Okay... now here's the story: For my extended exploration in New Zealand, I have rented a Toyota Corolla. It's not much of a car but it was relatively cheap, especially after the great deal I got from the manager of the Thrifty office in Dunedin whose dog I happily made a big fuss over. (It pays to be a dog-person!) I picked the car up this morning and headed south -- more or less along the coast -- on the "Southern Scenic Route" between Dunedin and Invercargill. Because I did so much driving "on the left" in Scotland and northern England last summer, I was quite comfortable with that aspect of the experience. Because all of the road signs are in English and the signals are all pretty normal, I was feeling quite at ease. Along the way, however, I became mindful that driving in New Zealand can be tricky and even dangerous.
For one thing, the roads are pretty narrow, even the main highways which are only one lane in each direction with occasional passing lanes. For another, there are a lot of big trucks that create such a big wind effect when passing that a dinky car like mine gets a pretty good shove toward the shoulder. Add in high gusting winds that roll off the sea, steep and winding hills, the distraction of beautiful scenery, etc., and you can easily find yourself in trouble pretty quickly.
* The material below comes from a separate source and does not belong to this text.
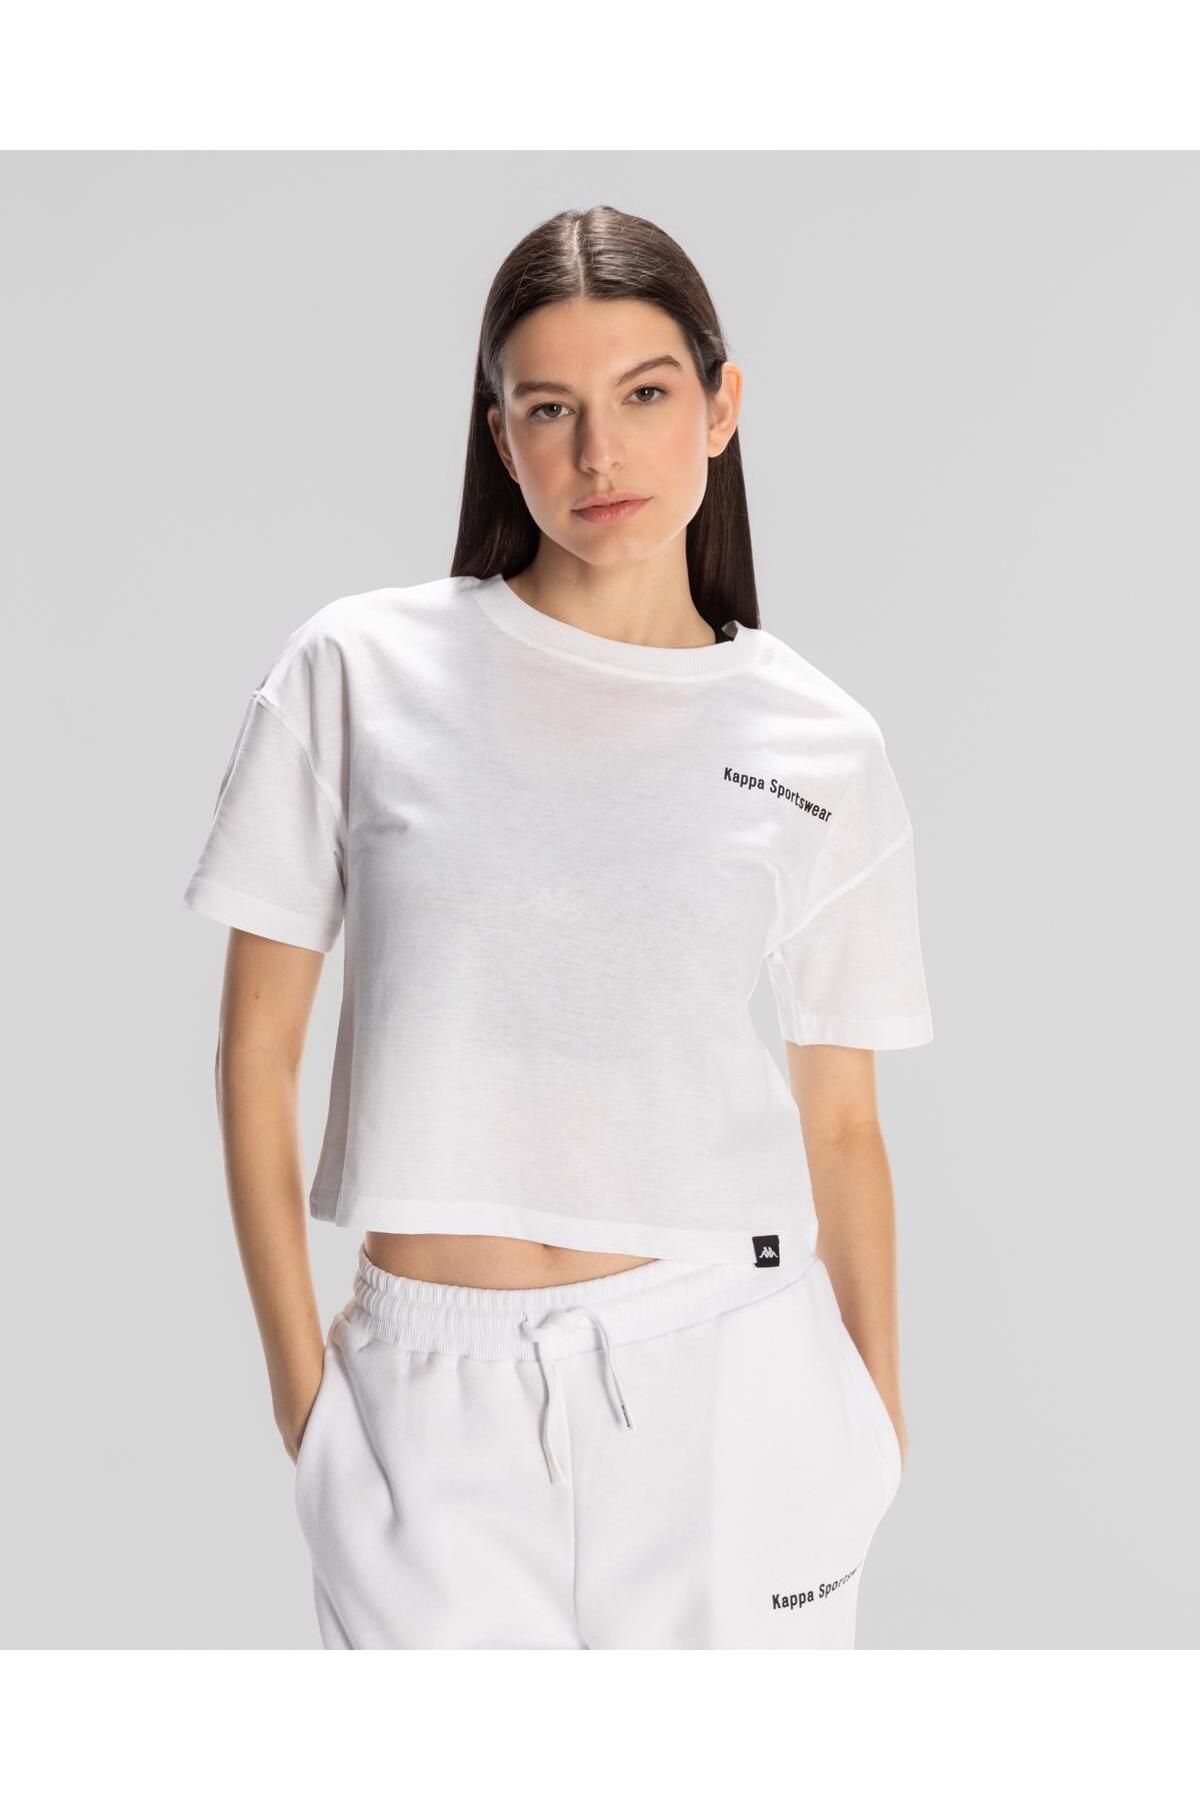 Kappa Authentic Jessa-woman-t-shirt Kadın Beyaz Regular Fit Tişört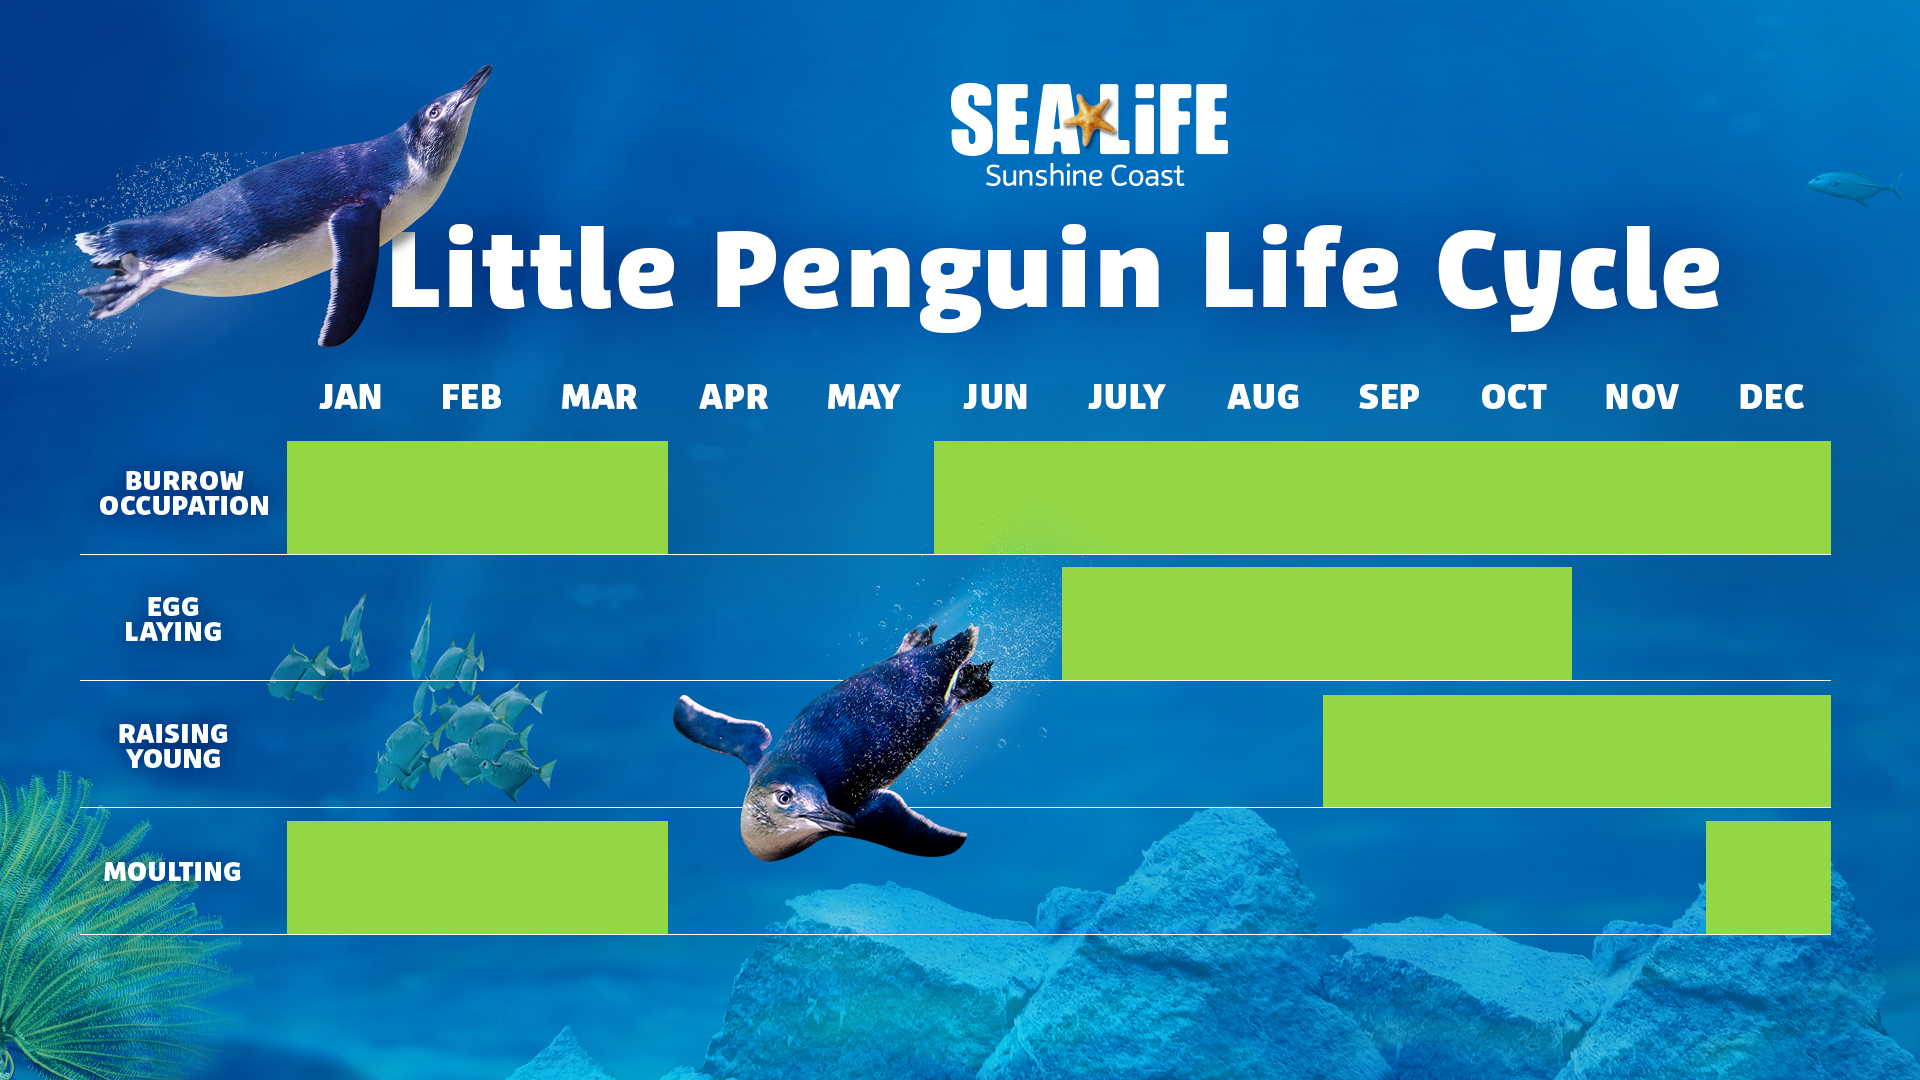 Penguin Life Cycle - SEA LIFE Sunshine Coast

At one point the road changed from asphalt to gravel and I had limited traction to add to the equation. Driving along a riverbed between steep hills which created poor visibility around curves, I slowed myself way down and thought, "Wow... This could really be dicey for someone not accustomed to driving on the left, in an unfamiliar vehicle. Especially some of those folks who are driving RVs."
No sooner had that thought made its way through my brain than I came around a corner and saw the sight in the first photo above. It had obviously happened just minutes before because I was only the second car on the scene. I hopped out and found the first passer-by talking to the people involved, quickly finding out that there were many bumps, bruises and small cuts but no major injuries. The fire/rescue truck arrived a few minutes later and the professional took control of the scene.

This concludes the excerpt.